What the task asks
Pictures do not belong in the copy. Output exactly the lines from the one containing "Komplement shoe shelf" to the end of the listing below.

Collected data
#####

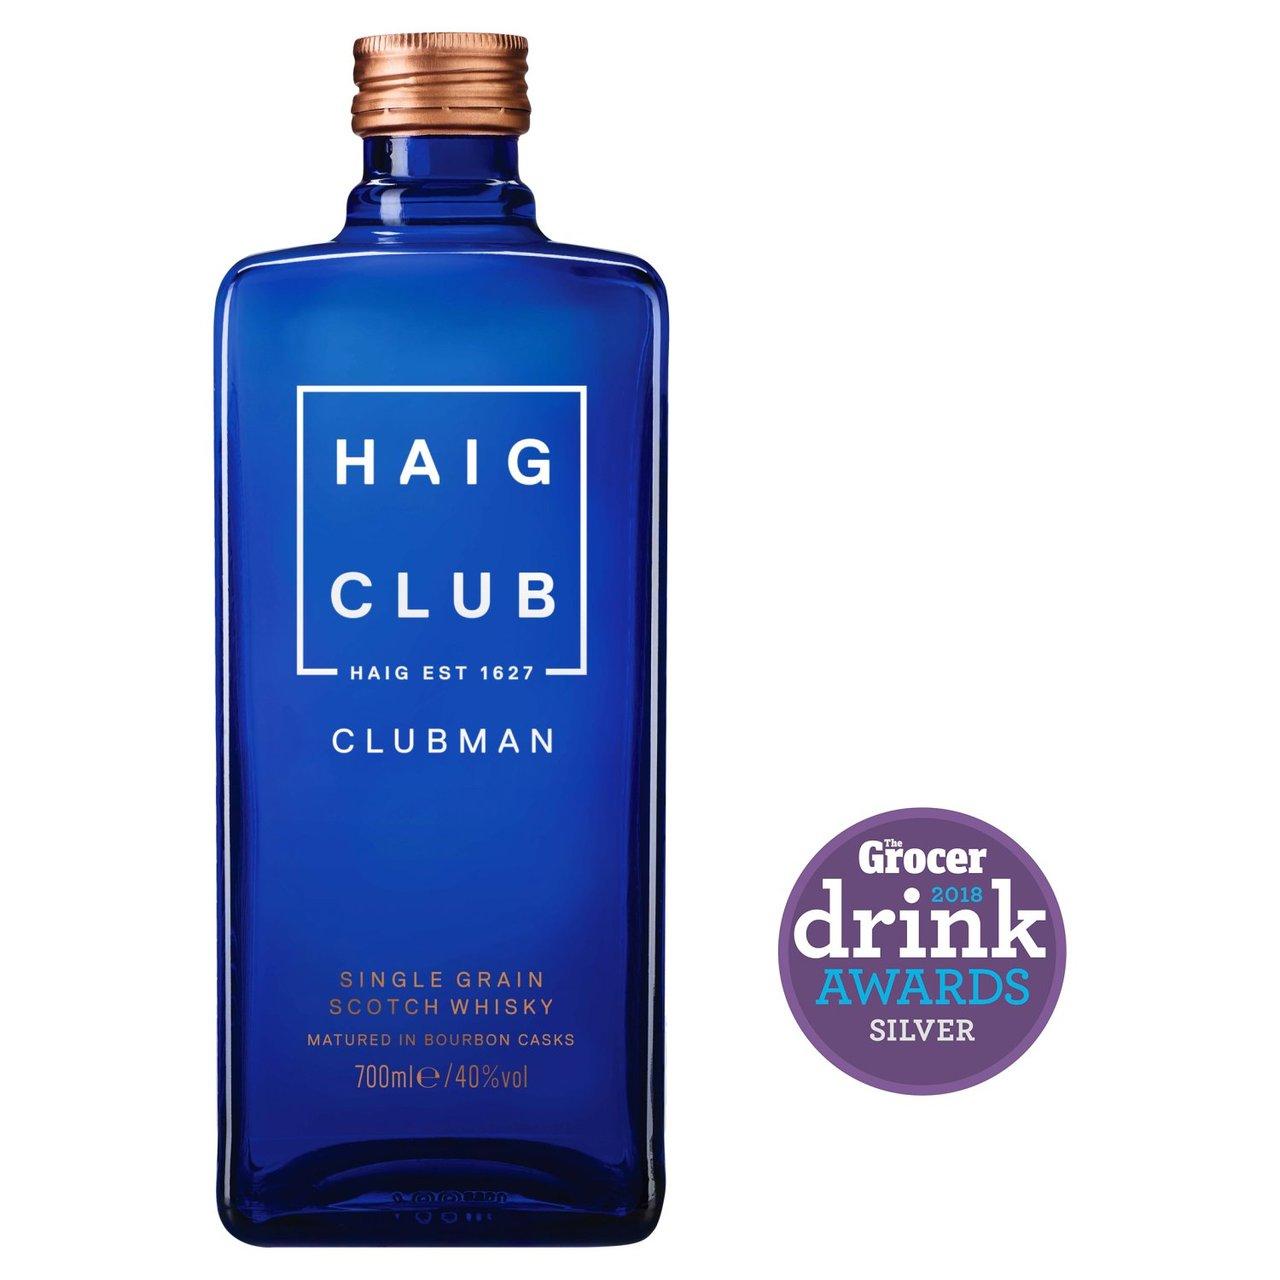 Haig Club Clubman single grain whisky £15.99 @ Morrisons
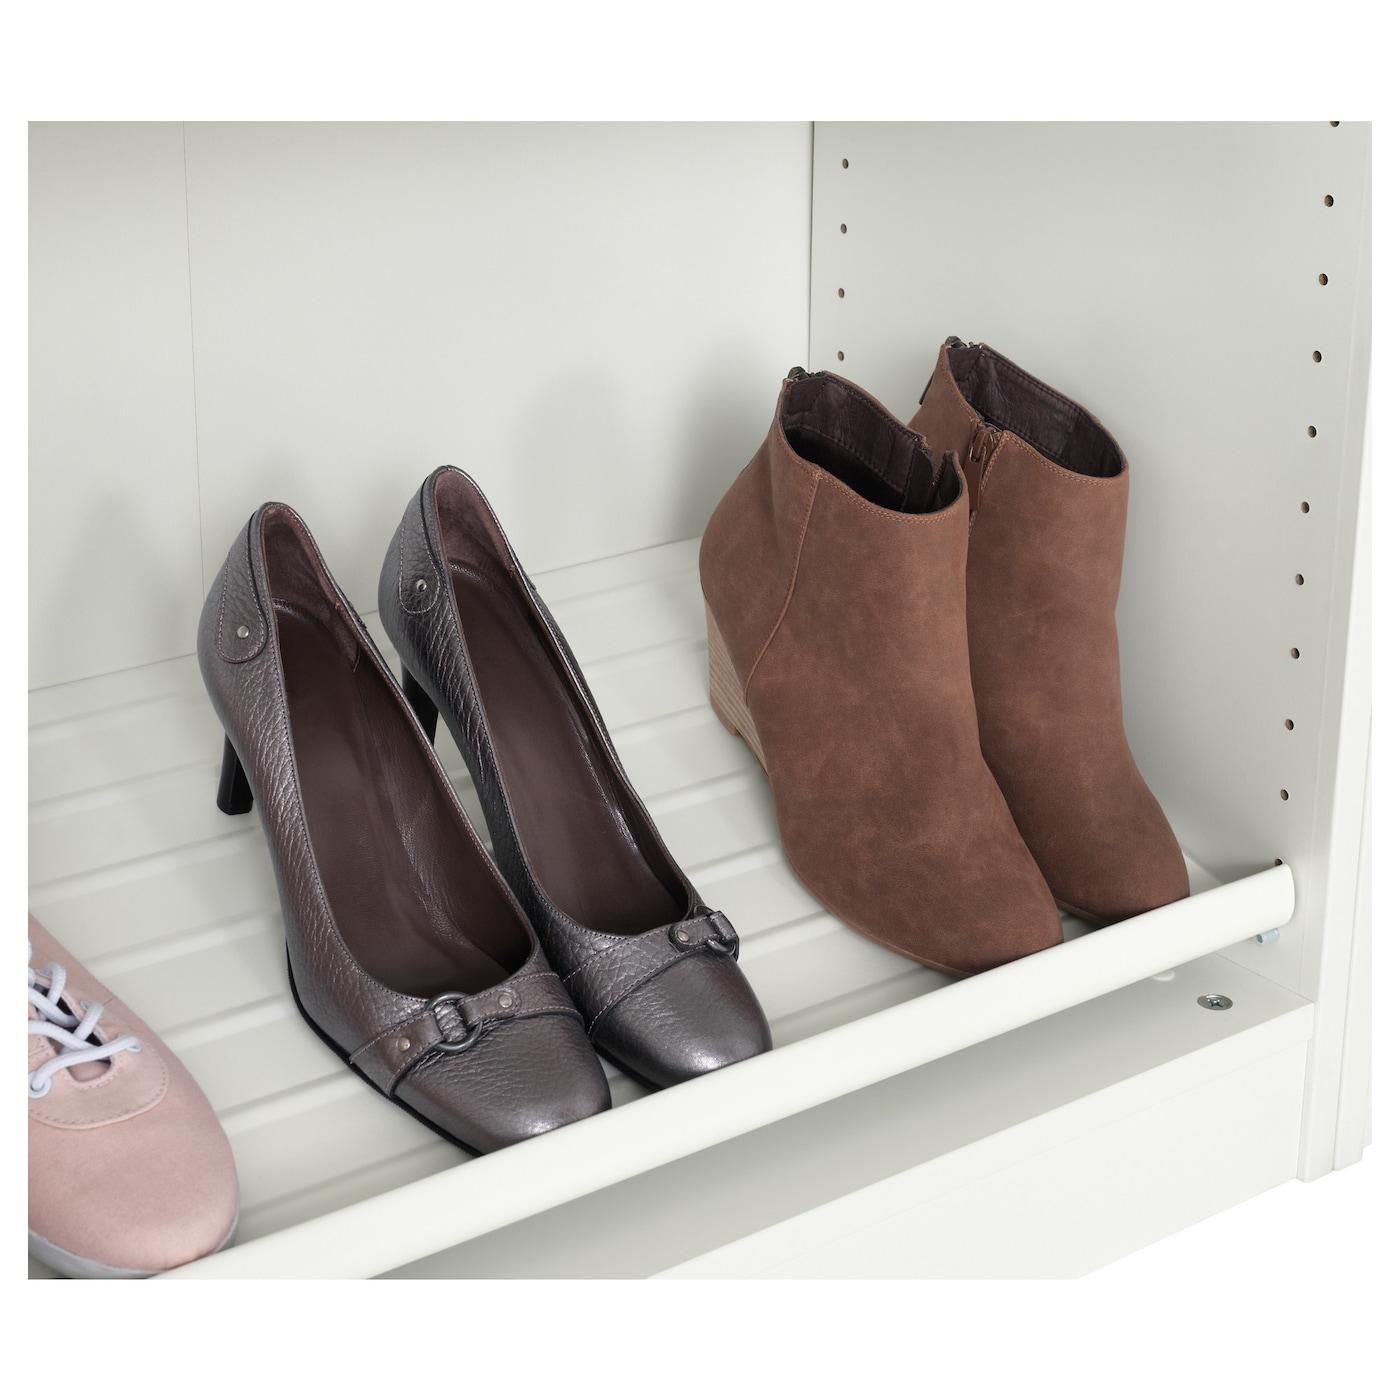 Komplement shoe shelf white 100x35 cm ikea for Ikea pax schuhregal
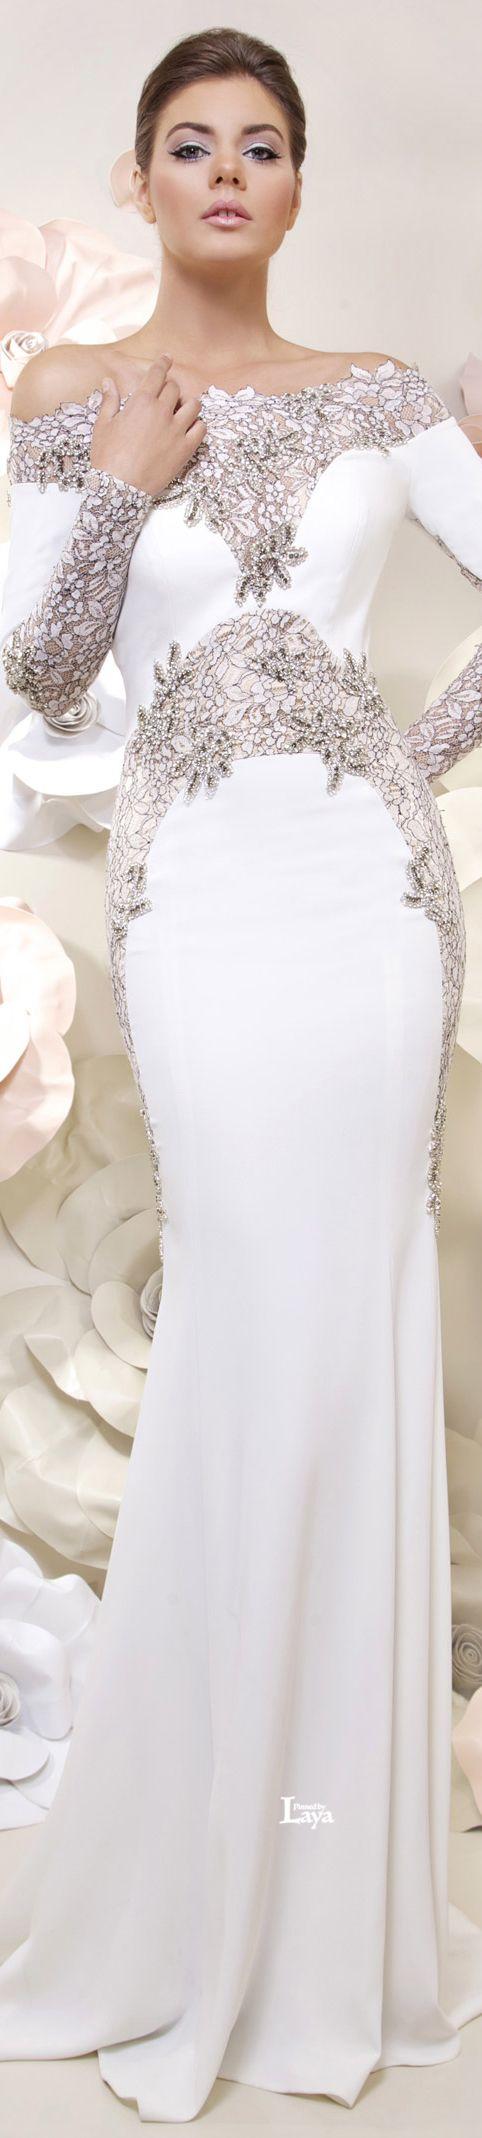 Tarek sinno spring formal white gown w silver embellishments

#####

Task output
 Komplement shoe shelf white 100x35 cm ikea for Ikea pax schuhregal
 Tarek sinno spring formal white gown w silver embellishments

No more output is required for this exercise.